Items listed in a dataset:
----

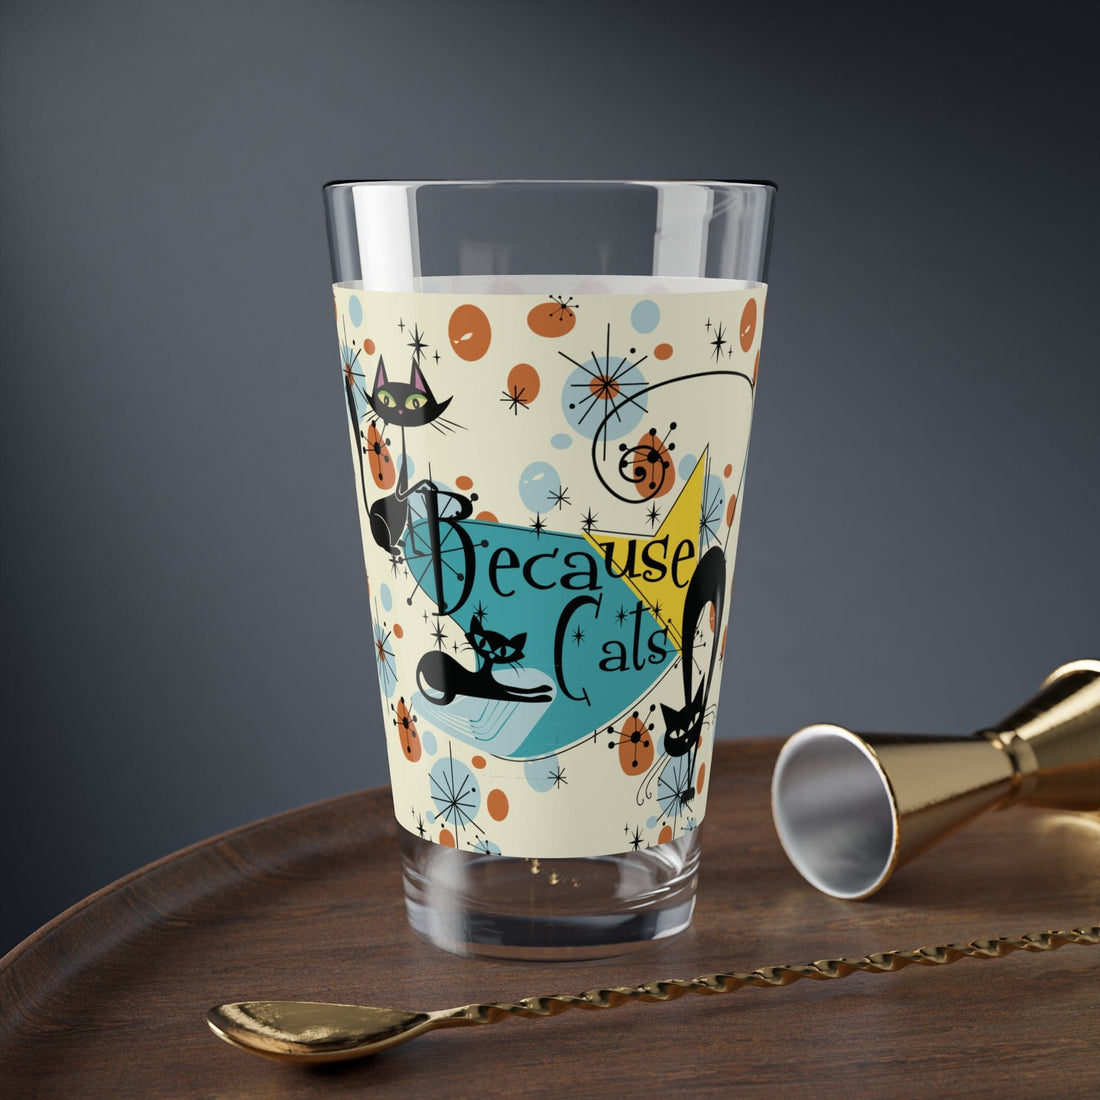 Kate McEnroe New York Because Cats, 50s Atomic Cats Kitschy Mid Century Modern Retro Glassware, Mixing, Shaker, Drinking Glass, MCM Party Drinkware, Cat Mom Gift Mixing Glasses 16oz 25685458490764878862
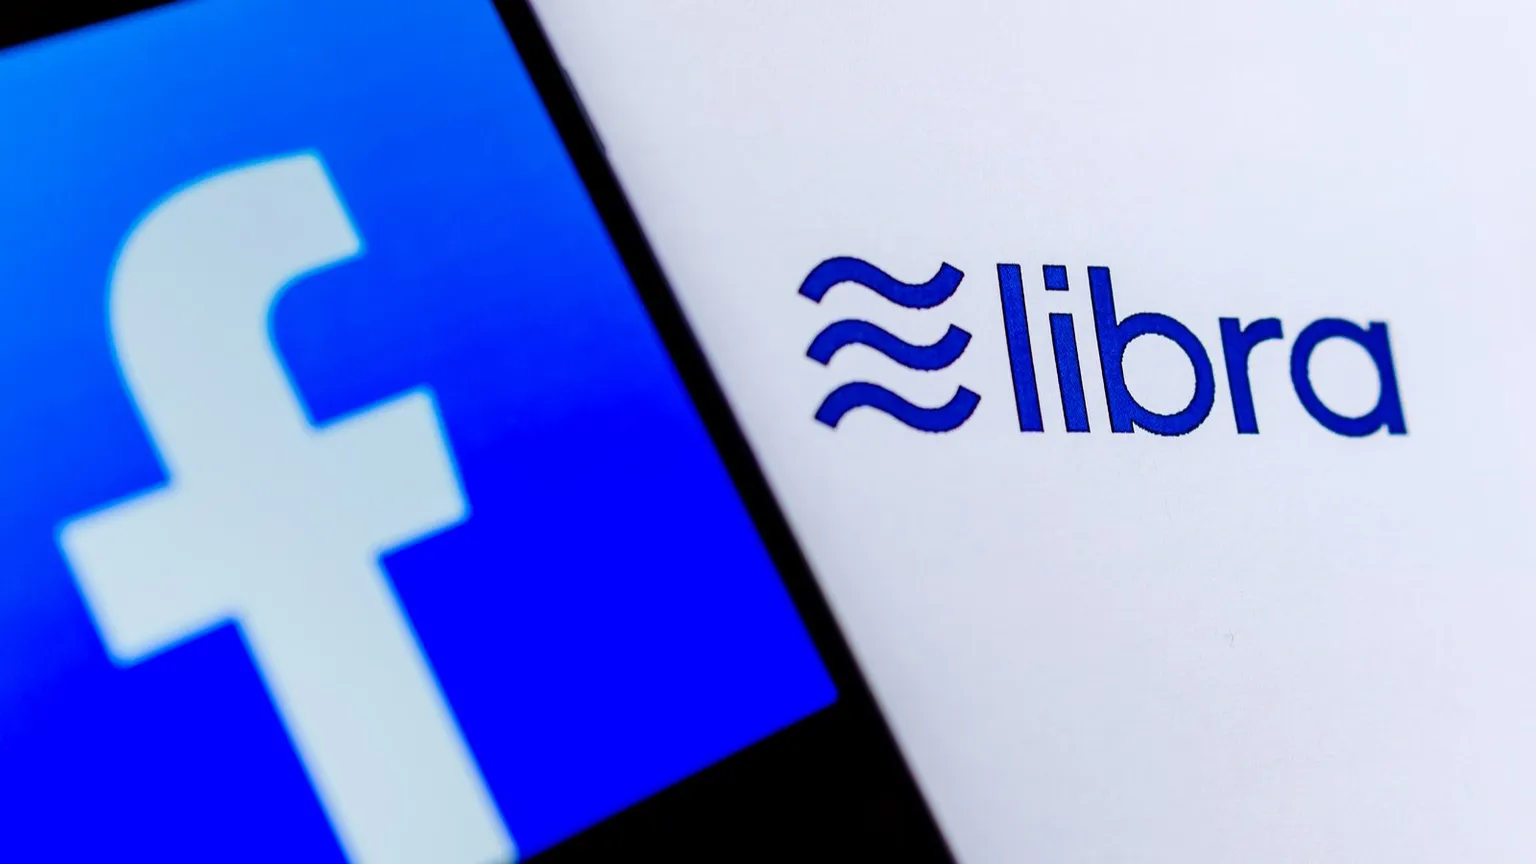 Photo of Facebook logo on the smartphone screen and the brochure with Libra logo
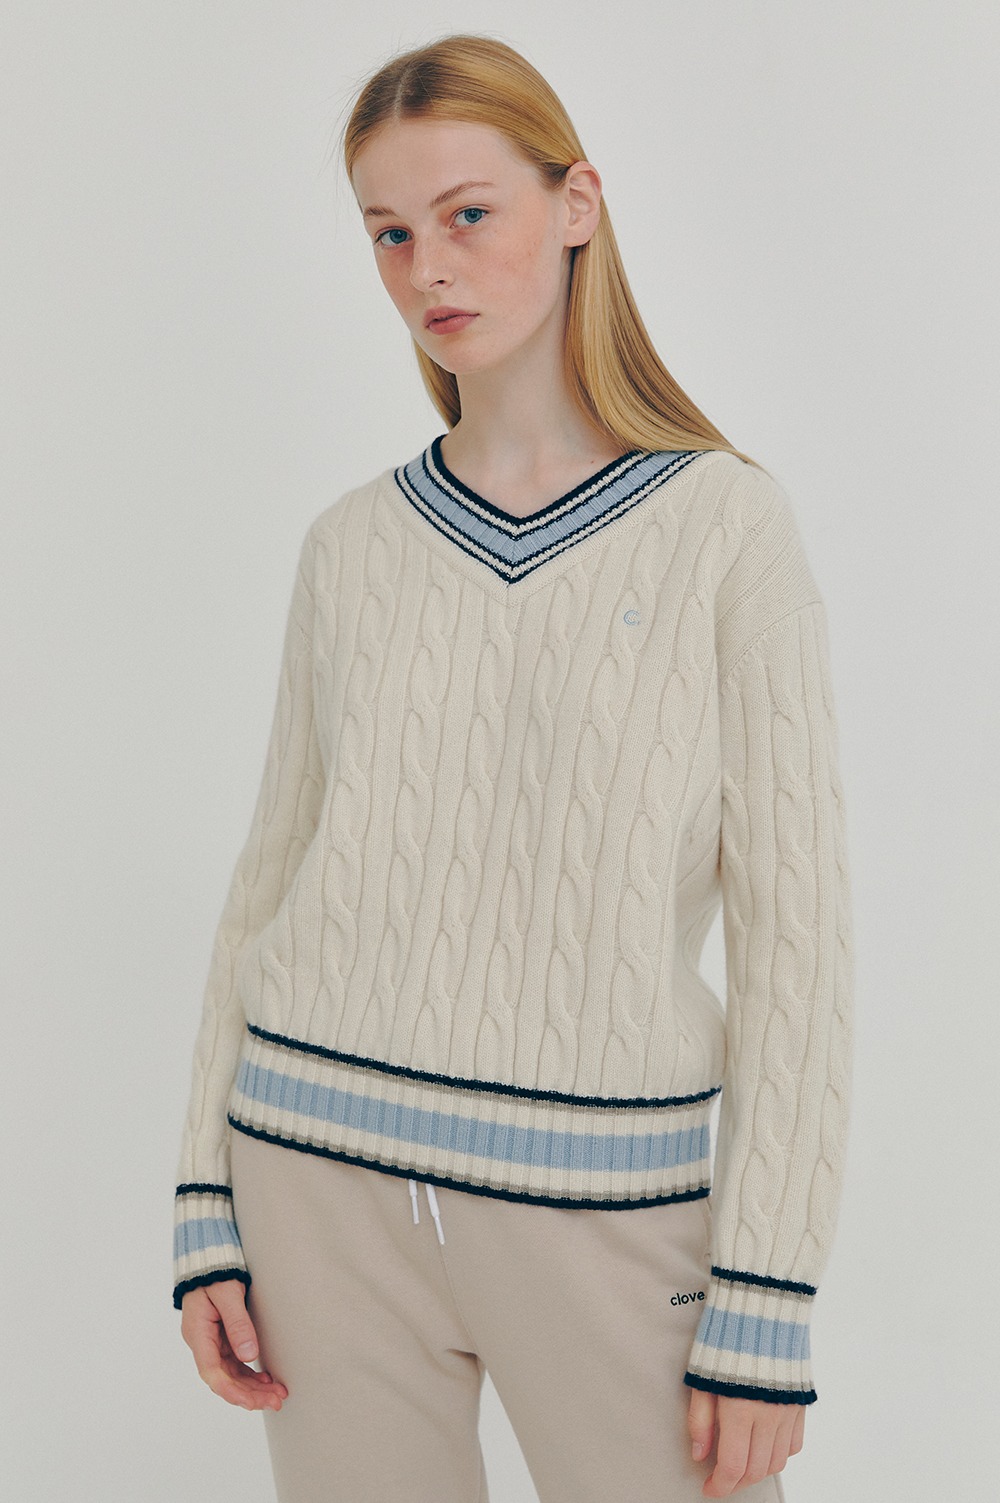 clove - [FW21 clove] Wool V-neck Knit Pullover (Ivory)
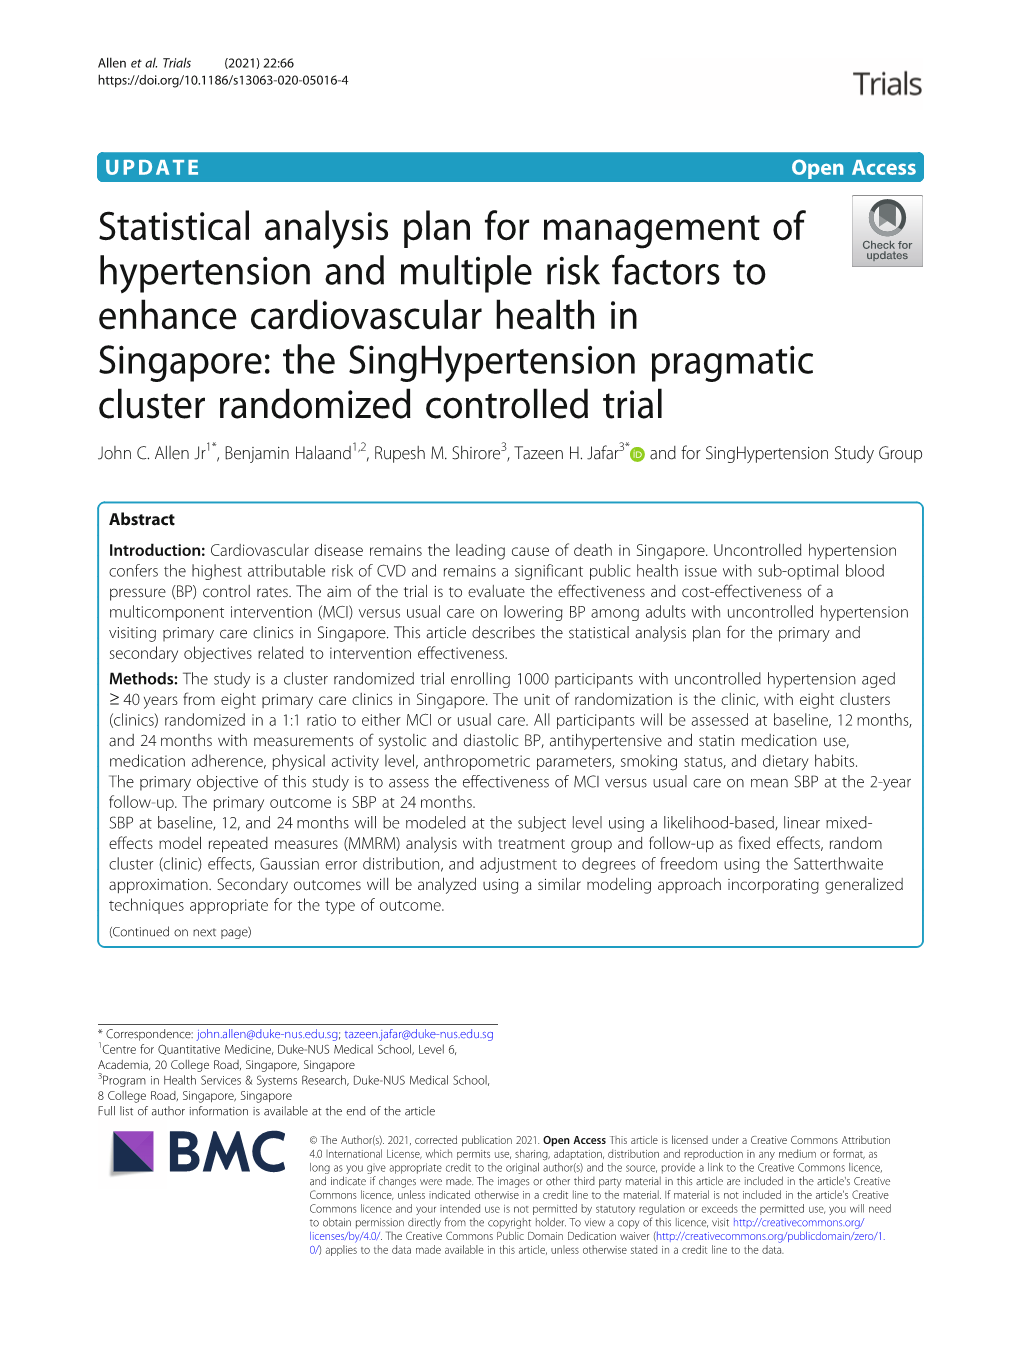 Statistical Analysis Plan for Management of Hypertension And
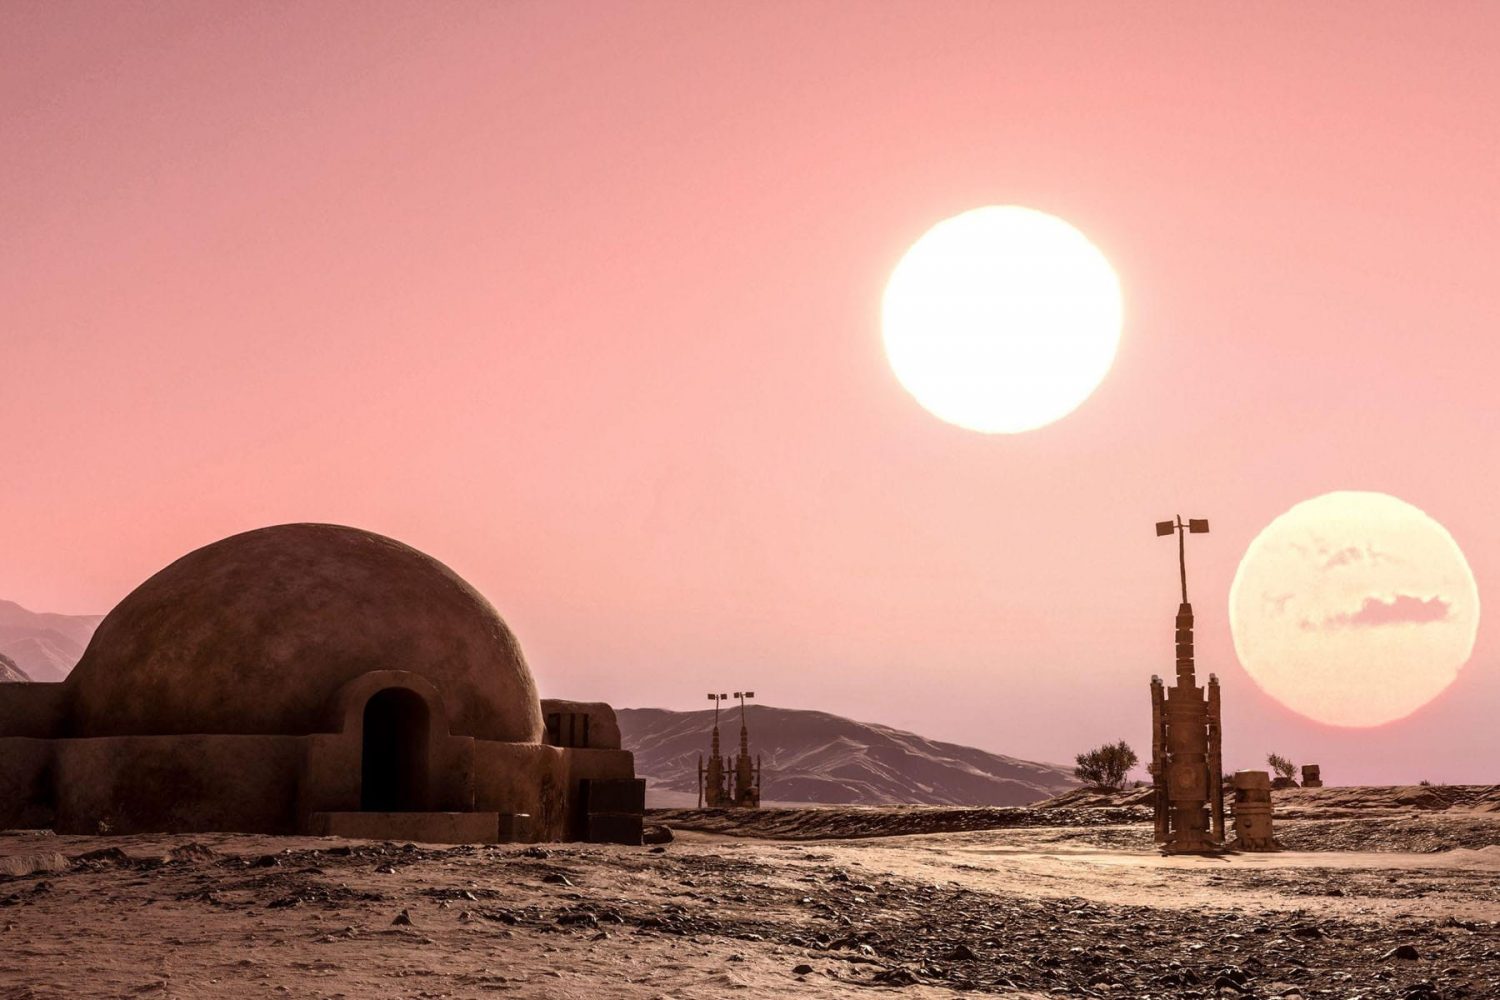 Star Wars and Tatooine Planet

----

Go through the entries and retype each one exactly, skipping any image.

Exercise response:
 Kate McEnroe New York Because Cats, 50s Atomic Cats Kitschy Mid Century Modern Retro Glassware, Mixing, Shaker, Drinking Glass, MCM Party Drinkware, Cat Mom Gift Mixing Glasses 16oz 25685458490764878862
 Photo of Facebook logo on the smartphone screen and the brochure with Libra logo
 clove - [FW21 clove] Wool V-neck Knit Pullover (Ivory)
 Statistical Analysis Plan for Management of Hypertension And
 Star Wars and Tatooine Planet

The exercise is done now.